# Need advice re Air Purifier



## Hassli (Feb 7, 2011)

Hi there...

Me and my husband is looking for an air purifier.. We have three cats and one bedroom hall. We went to carrefour and sharaf and found out some brands such as LG, Sharp, Panasonic, Comway, Samsung.... Etc
I got confused with all the specifications ( humidifier, ionizer, plasmaion, sensor, hepafilters etc ) and the prices ranges from 1000 to 2700 dirhams... 

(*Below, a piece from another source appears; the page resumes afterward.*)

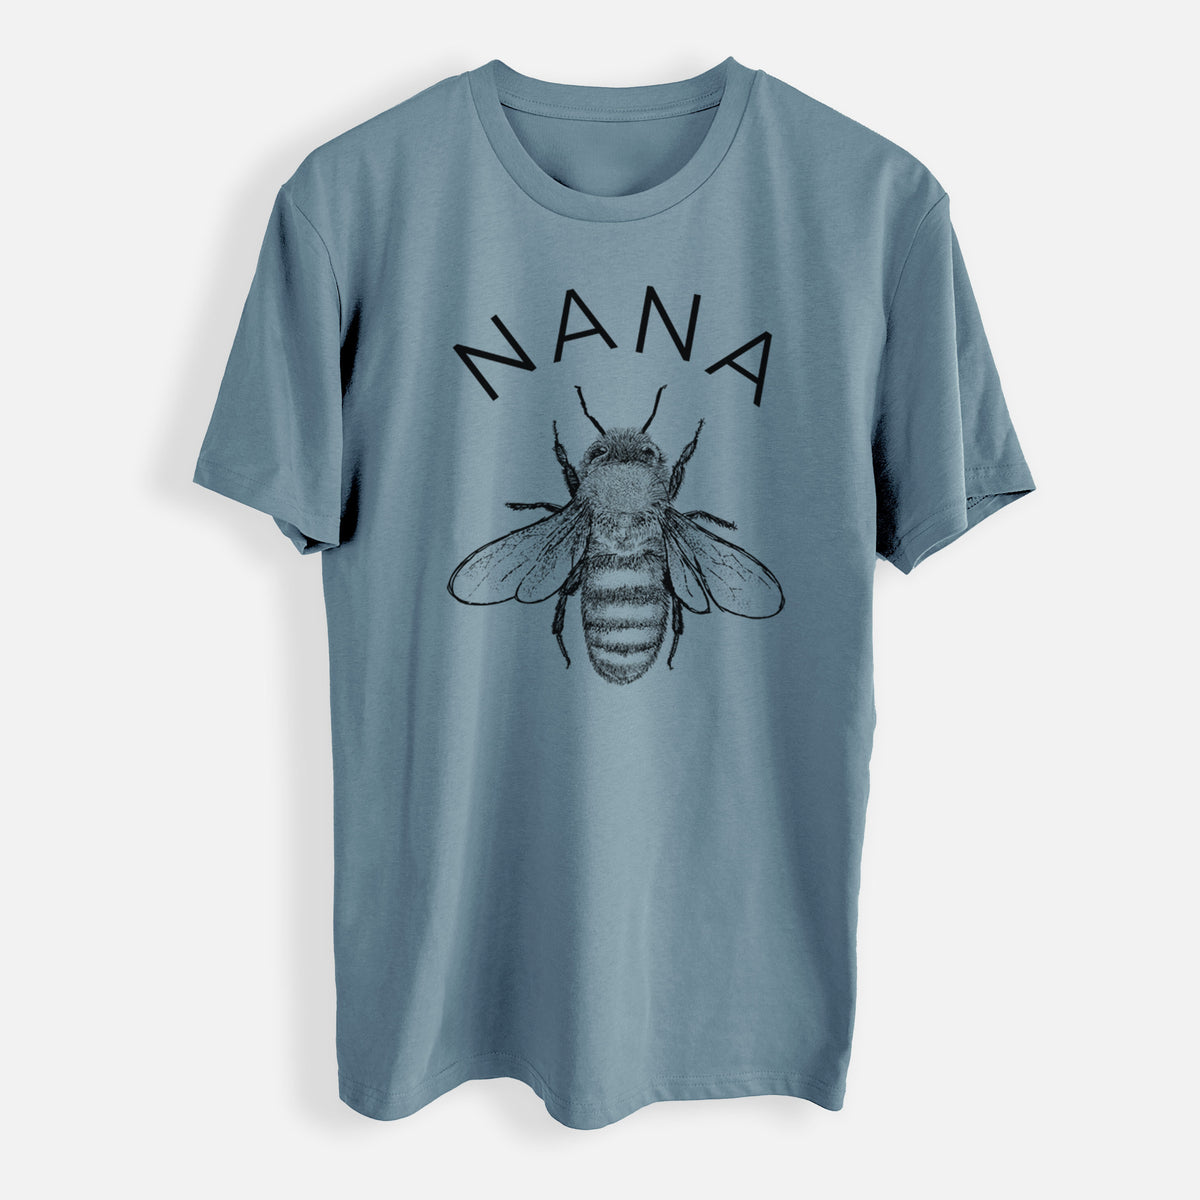 Nana Bee - Mens Everyday Staple Tee

Can somebody give me theire experience with air purifier, what is the best model and best brand (includes those brand mentioned above) We can purchase 

Thanks a lot


----------



## Rainmaker (Oct 11, 2008)

Hassli said:


> Hi there...
> 
> Me and my husband is looking for an air purifier.. We have three cats and one bedroom hall. We went to carrefour and sharaf and found out some brands such as LG, Sharp, Panasonic, Comway, Samsung.... Etc
> I got confused with all the specifications ( humidifier, ionizer, plasmaion, sensor, hepafilters etc ) and the prices ranges from 1000 to 2700 dirhams...
> ...


Most air purifiers come with ionizers nowadays. Water is broken into air molecules which carry ions, electric charges with them. They catch all particles in the air and thereby clean the air. Go for plasma type, as they are believed to emit less ozone. And most air purifiers are coming with smell and dust sensors. I personally bought sharp. Put it in my bedroom. To be honest, don't see any difference. Maybe because I don't have pets and allergy to anything...

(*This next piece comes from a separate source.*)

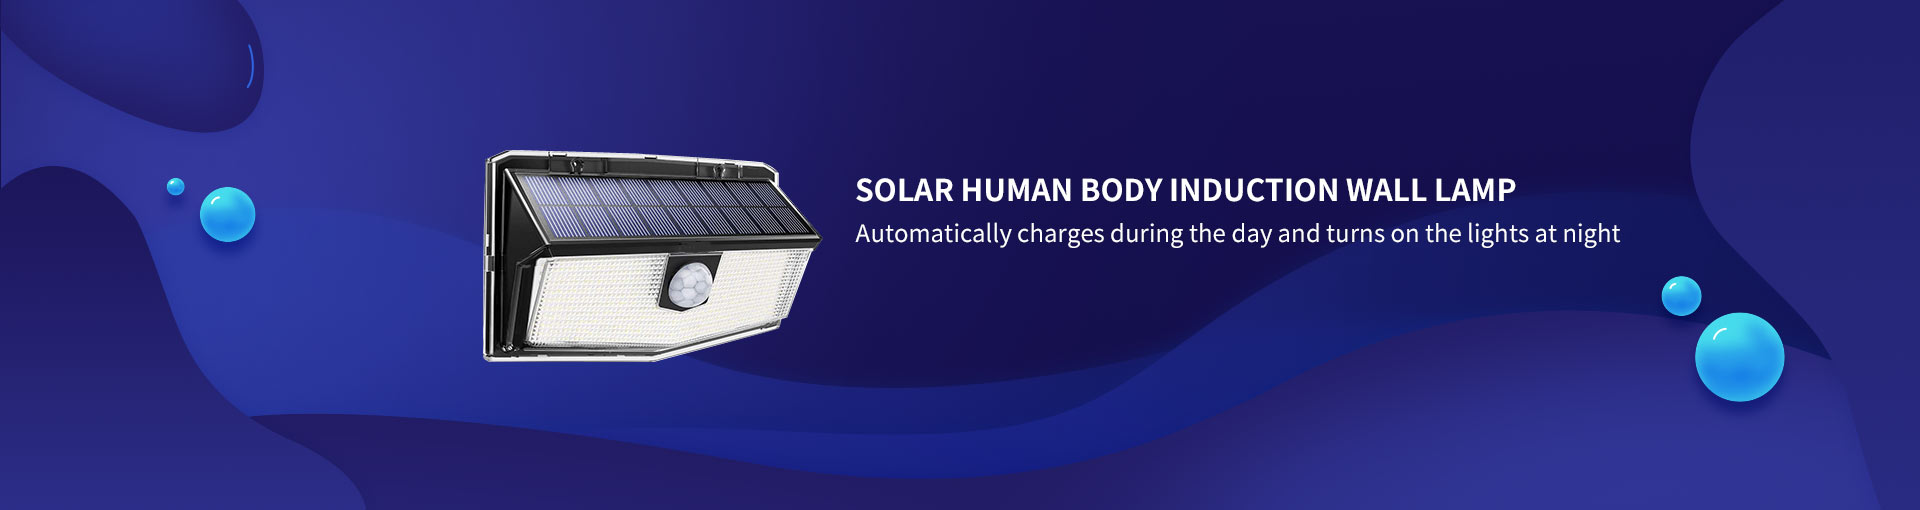 SOLAR HUMAN BODY INDUCTION WALL LAMP

Sent from my iPad using ExpatForum


----------



## PolarBear (Jul 12, 2010)

*3M*



Hassli said:


> Hi there...
> 
> Me and my husband is looking for an air purifier.. We have three cats and one bedroom hall. We went to carrefour and sharaf and found out some brands such as LG, Sharp, Panasonic, Comway, Samsung.... Etc
> I got confused with all the specifications ( humidifier, ionizer, plasmaion, sensor, hepafilters etc ) and the prices ranges from 1000 to 2700 dirhams...
> ...


The 3M filtretes have worked well for me. The filters have to be replaced, but you can immediately see the effectiveness. The drawback is that they can be quite noisy, and the filters can be hard to come by. The cheapest I have found for both has been ACE hardware, and although the filters are not always in stock they are usually good about ordering them for me.

Good luck!


----------



## Hassli (Feb 7, 2011)

Thanks a lot... I go for sharp


----------